**Task item**
Exactly as written, output each of the lines below, with no images.

**Dataset content**
%%

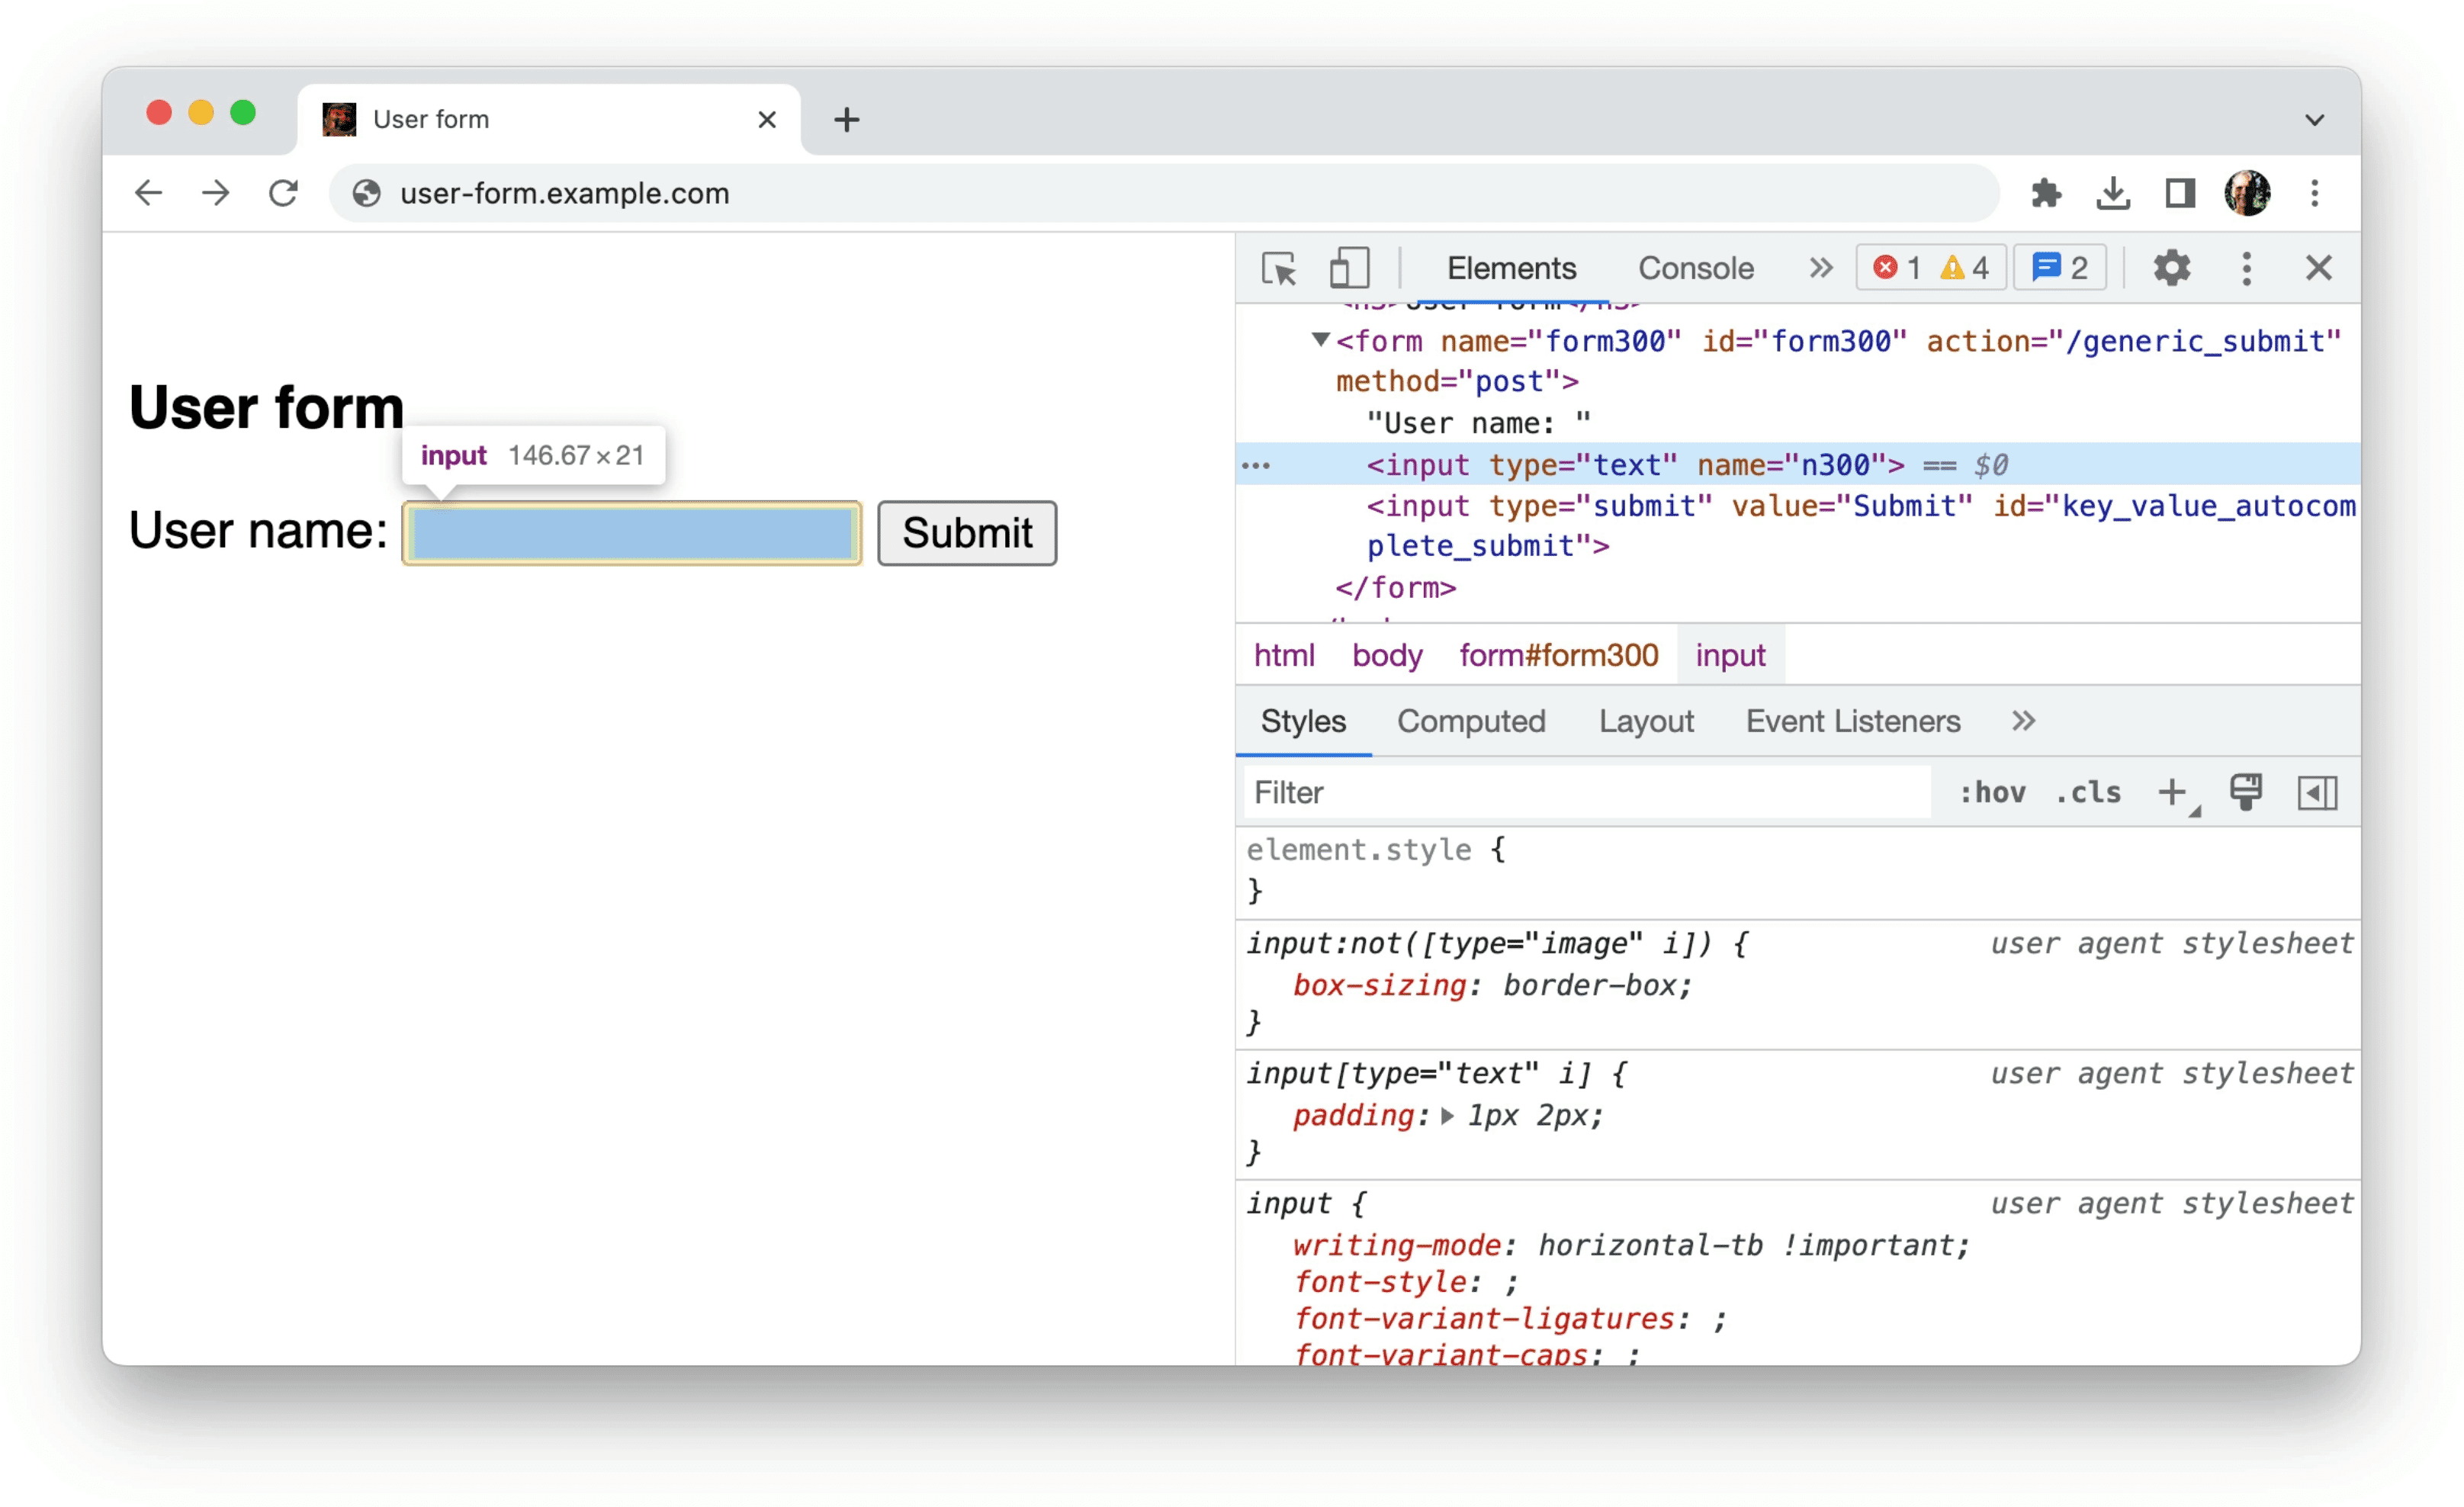 Chrome DevTools
showing information about the unstructured data in a form, as shown in the previous example: a
single input that only has the attributes type=text and name=n300.
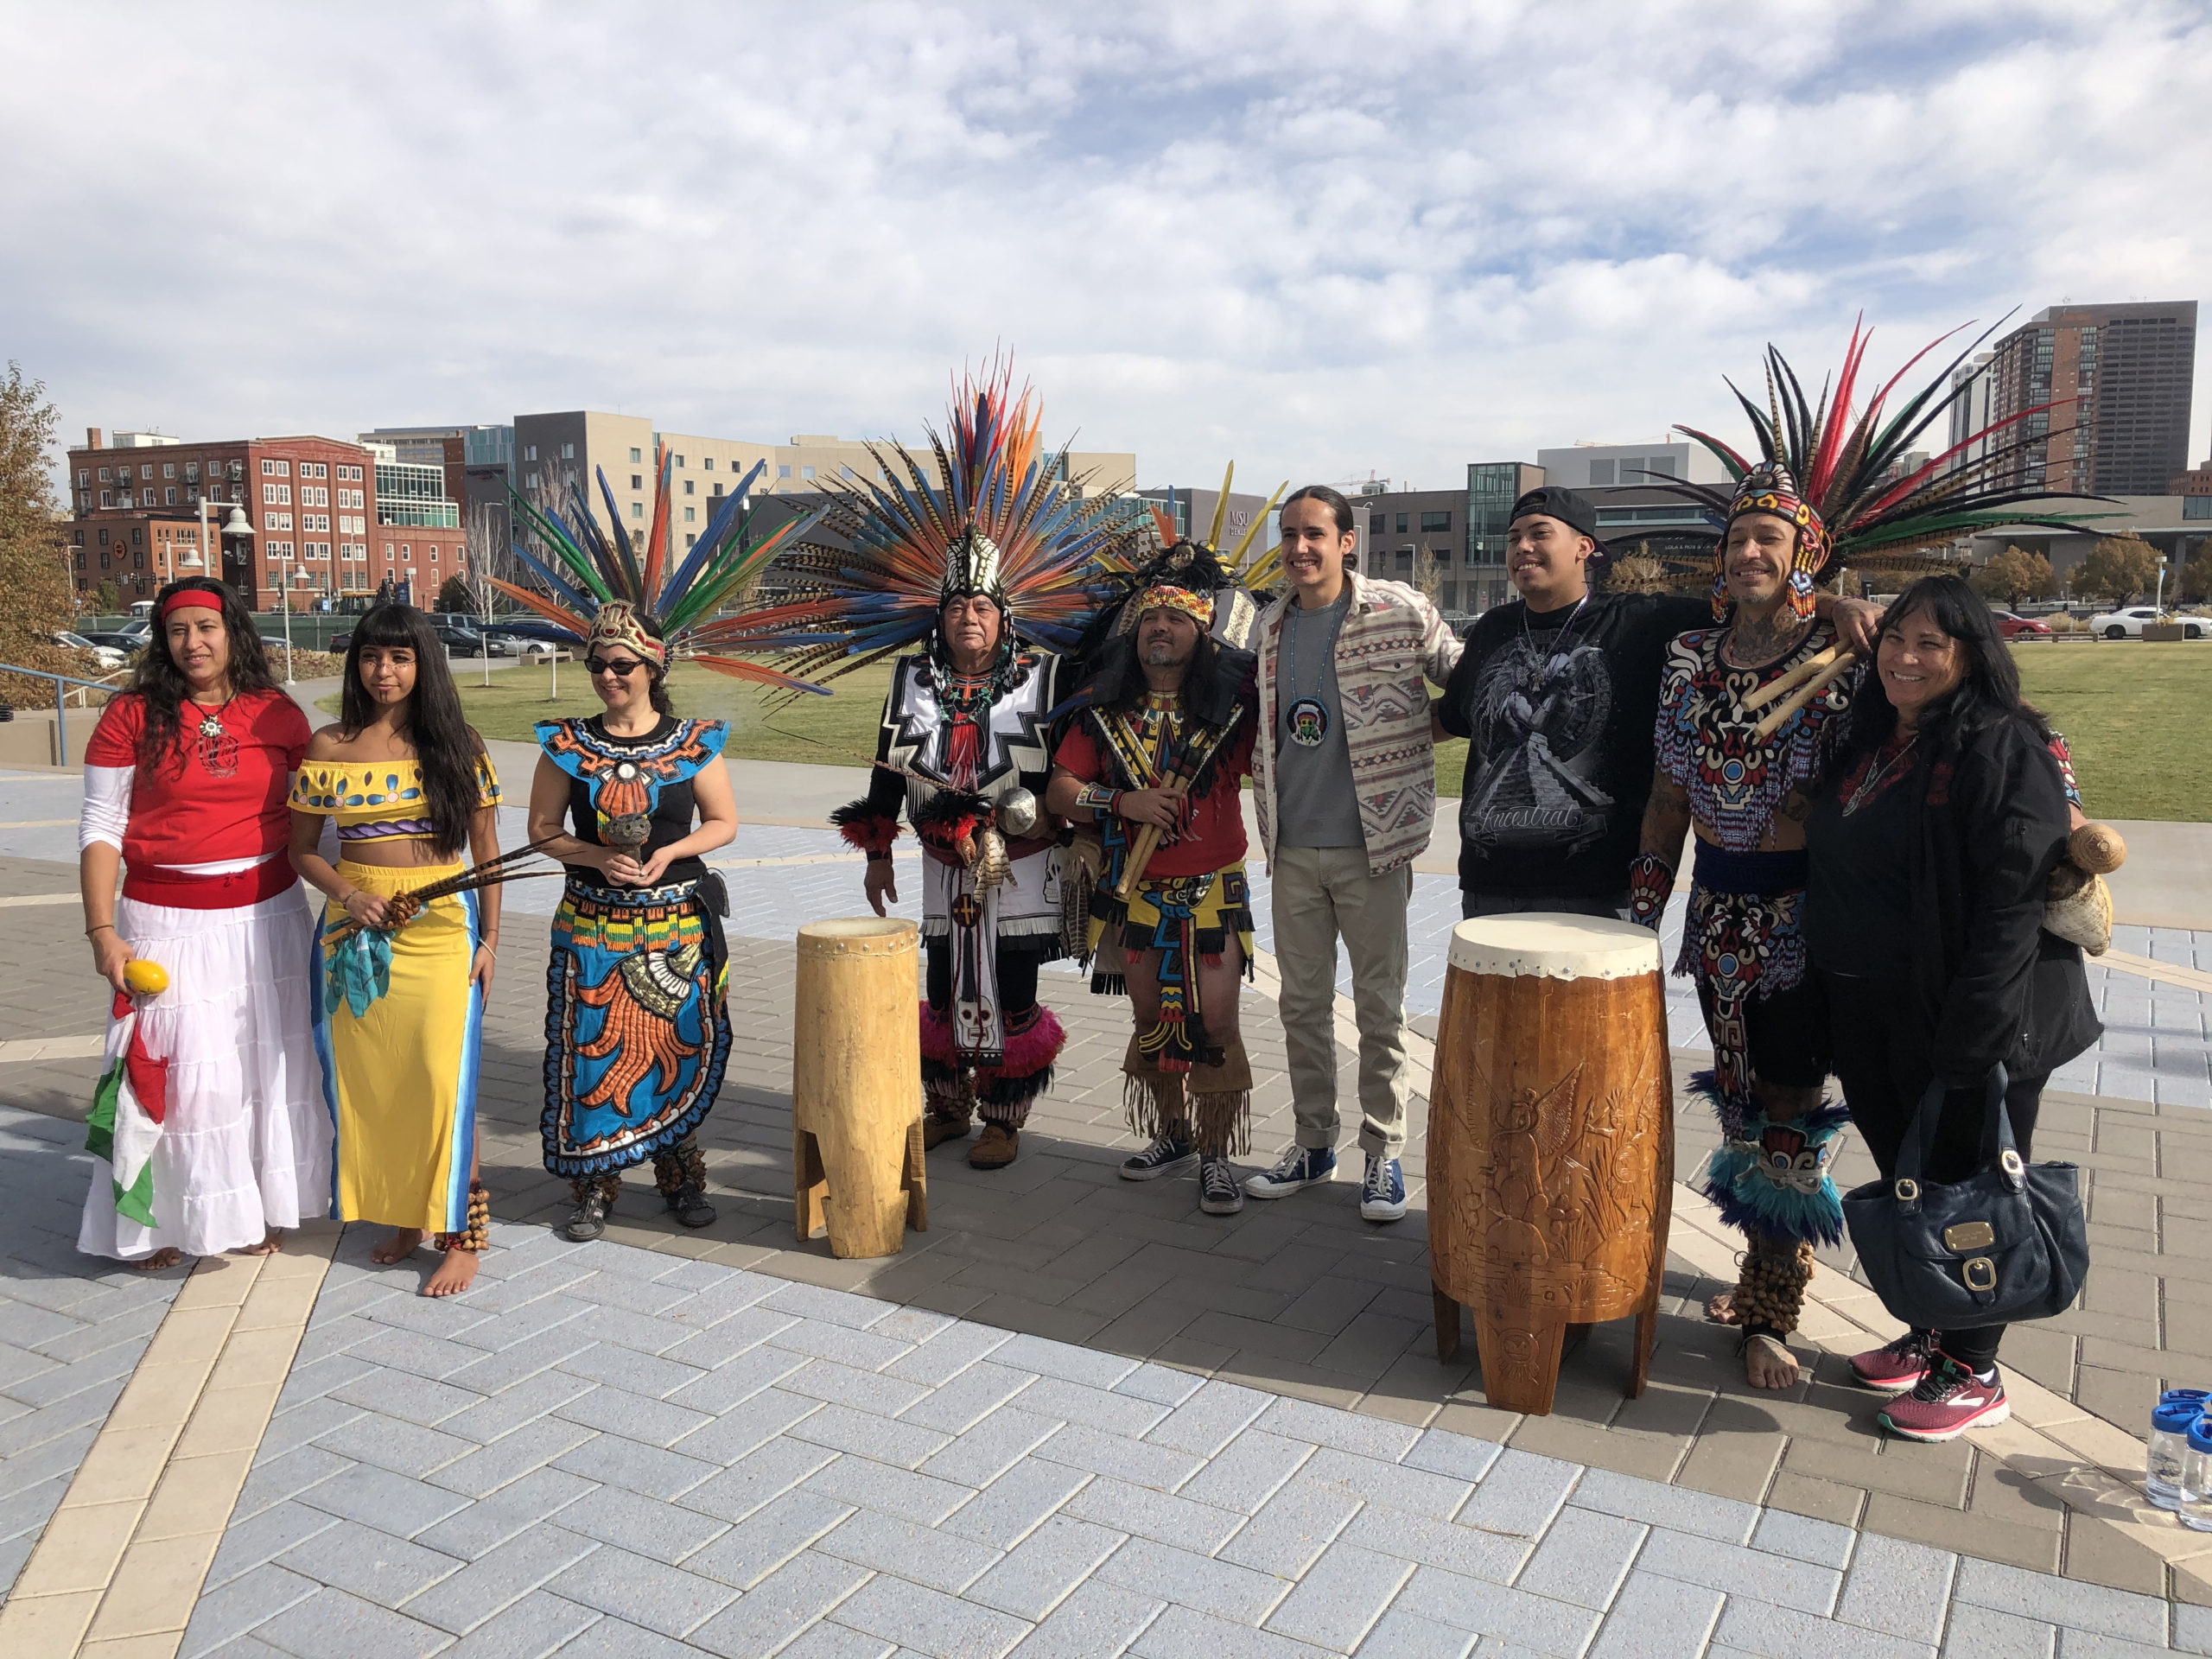 Author Xiuhtezcatl Martinez and a group of Indigenous Dancers posing for a photo

%%

**Exercise answer**
 Chrome DevTools
showing information about the unstructured data in a form, as shown in the previous example: a
single input that only has the attributes type=text and name=n300.
 Author Xiuhtezcatl Martinez and a group of Indigenous Dancers posing for a photo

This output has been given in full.